- Born: Rajan Krishnan 14 December 1968 Cheruthuruthy, Thrissur, Kerala
- Died: 11 February 2016 (aged 47)
- Education: NSS College, Ottapalam in 1989 & College of Fine Arts Trivandrum in 1990
- Occupations: Artist, Painter
- Spouse: Renu Ramanath
- Parent(s): Krishnan & Narayani
- Awards: Kerala Lalithakala Akademi in 2010

= Rajan Krishnan =

Contemporary Indian artist

Rajan Krishnan was a modern Indian artist based in Kerala.

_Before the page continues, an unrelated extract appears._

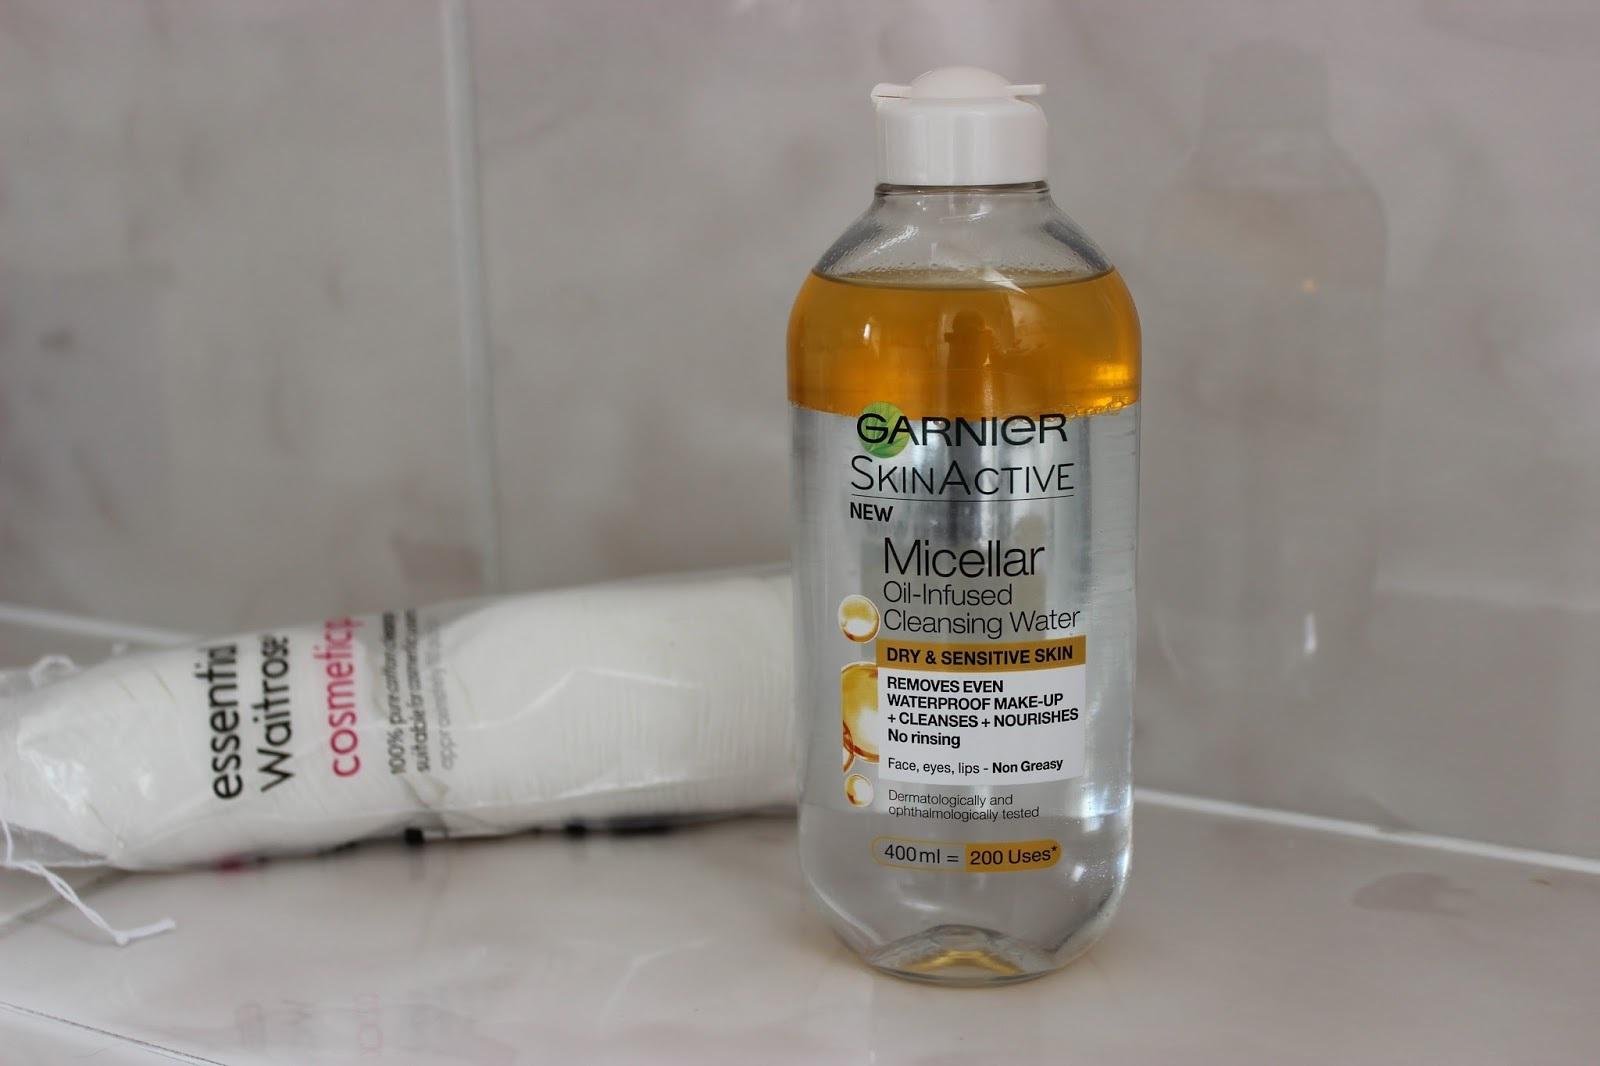 Sản phẩm tẩy trang Garnier Skin Active Oil Infused Micellar Cleansing Water

==Early life and background==
Rajan, hailing from Pallikkal - a small village near Cheruthuruthy in the Thrissur district of Kerala - was born as the sixth of seven children of Mandalaparambil Krishnan and Narayani. He received his early education at the Government High School in Cheruthuruthy, and enrolled for BA Economics at NSS College, Ottapalam. However, his passion lay in the visual arts, and thus he dropped out of the Economics course in 1989 and joined the College of Fine Arts, Thiruvananthapuram in 1990. After completing his BFA from the same college in 1994, he went on to pursue an MFA at the M.S. University, Baroda. In 1996, after completing MFA, Rajan returned to his home State, opting to work from there instead of migrating to large metros of India like many of his contemporaries were doing at that time.

==Career==
For three years, Rajan lived and worked in Thiruvananthapuram - serving as a Guest Lecturer at his alma mater, the College of Fine Arts Trivandrum. In 2000, he relocated to Kochi, participating in group shows and organising exhibitions and art-related events in the city. Finally, in 2004, his first solo show was held at Kashi Art Gallery, founded by the late Anoop Skaria and Dorrie Younger in Fort Kochi.